● Description of the task
Everything from the line with "Photo dernier film" down to the line with "Graco Автокресло Logico" below must be printed exactly, those two lines included. Exclude pictures.

● Exercise material
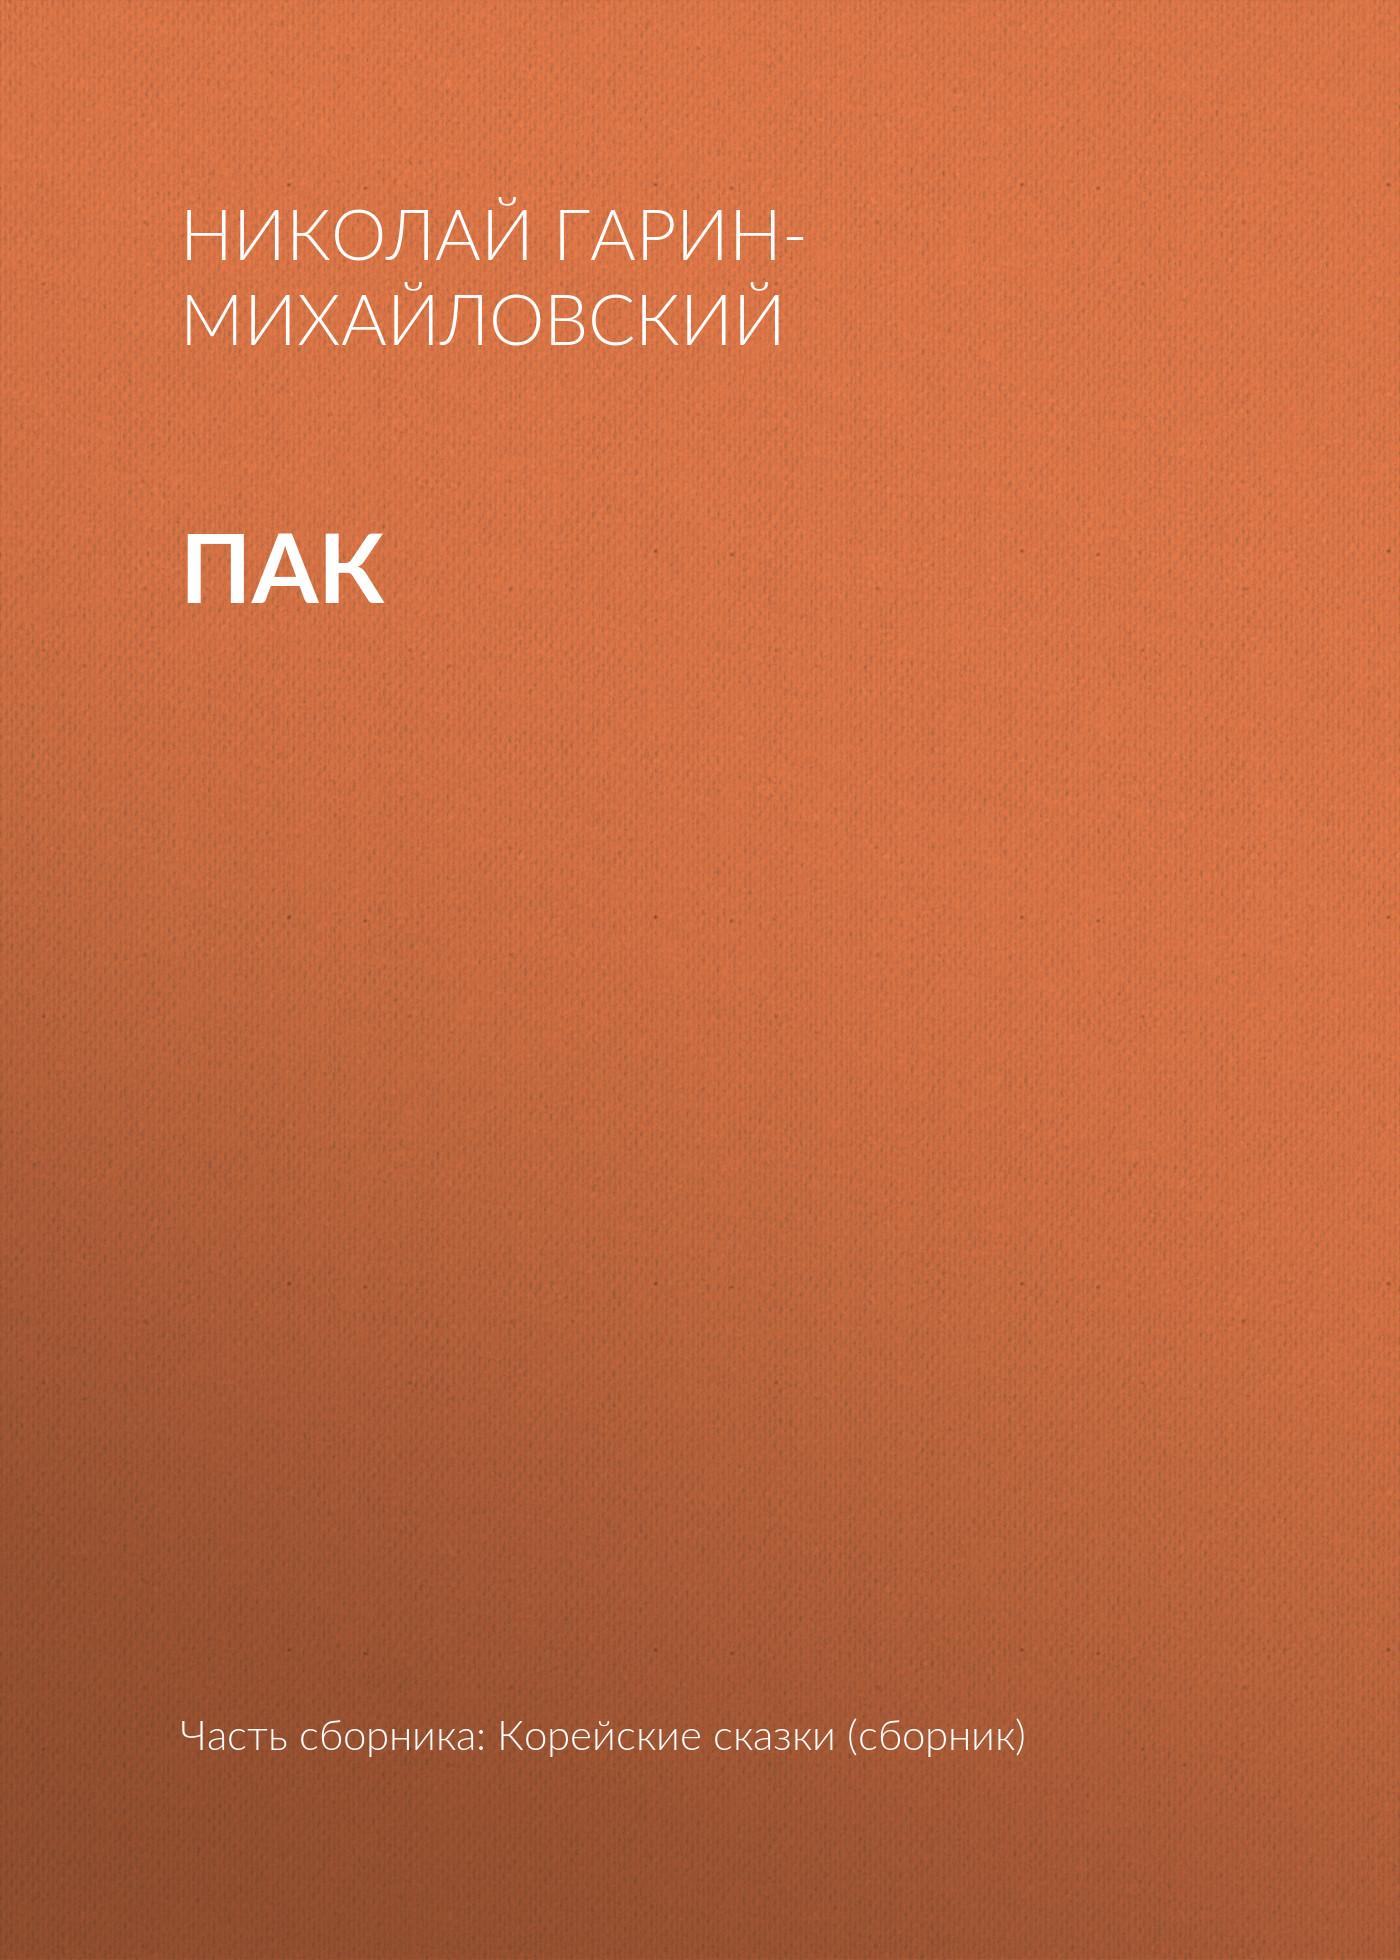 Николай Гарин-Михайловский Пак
...
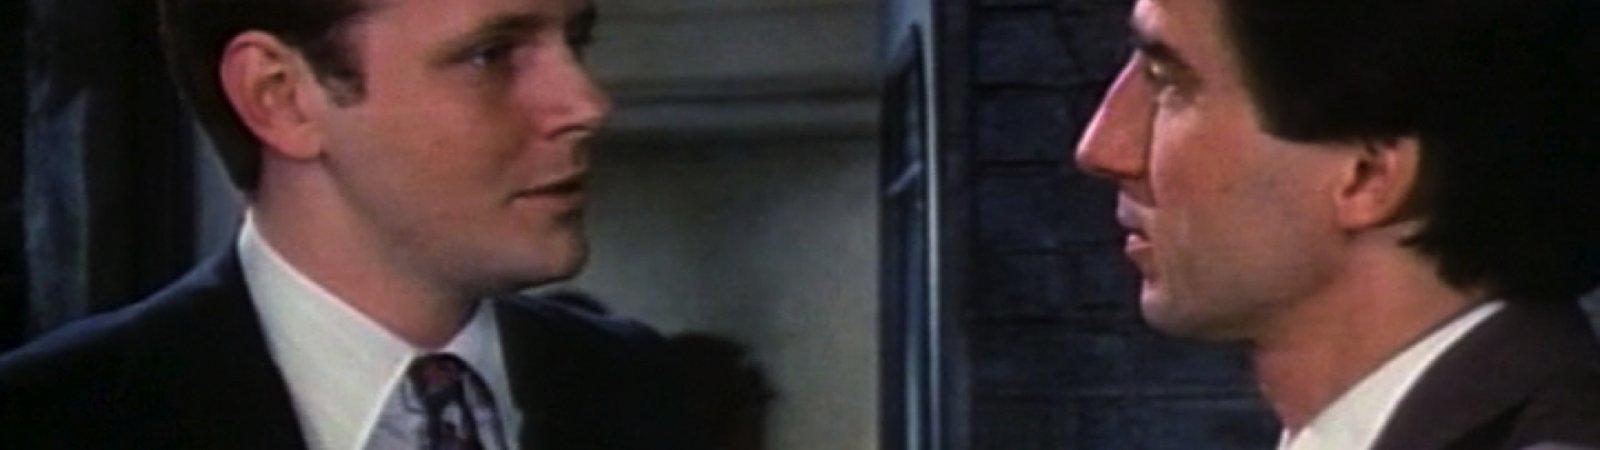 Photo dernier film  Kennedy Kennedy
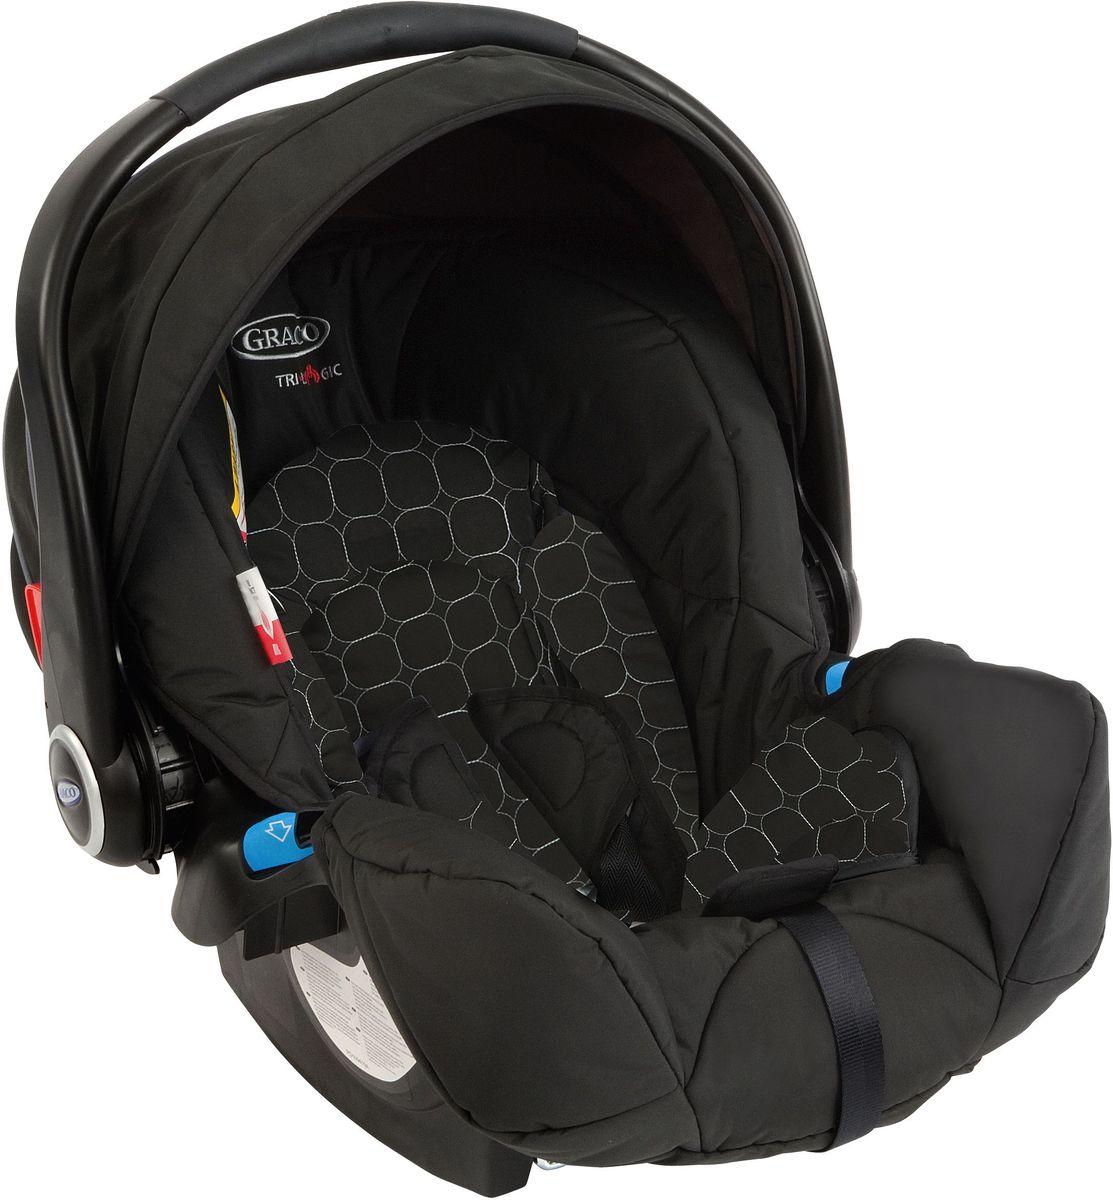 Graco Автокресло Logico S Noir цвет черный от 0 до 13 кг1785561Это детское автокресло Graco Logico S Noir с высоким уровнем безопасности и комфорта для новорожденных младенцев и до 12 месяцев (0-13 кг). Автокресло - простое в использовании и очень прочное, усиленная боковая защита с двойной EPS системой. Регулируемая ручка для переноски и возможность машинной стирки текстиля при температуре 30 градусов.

● Solution to this problem
 Photo dernier film  Kennedy Kennedy
 Graco Автокресло Logico S Noir цвет черный от 0 до 13 кг1785561Это детское автокресло Graco Logico S Noir с высоким уровнем безопасности и комфорта для новорожденных младенцев и до 12 месяцев (0-13 кг). Автокресло - простое в использовании и очень прочное, усиленная боковая защита с двойной EPS системой. Регулируемая ручка для переноски и возможность машинной стирки текстиля при температуре 30 градусов.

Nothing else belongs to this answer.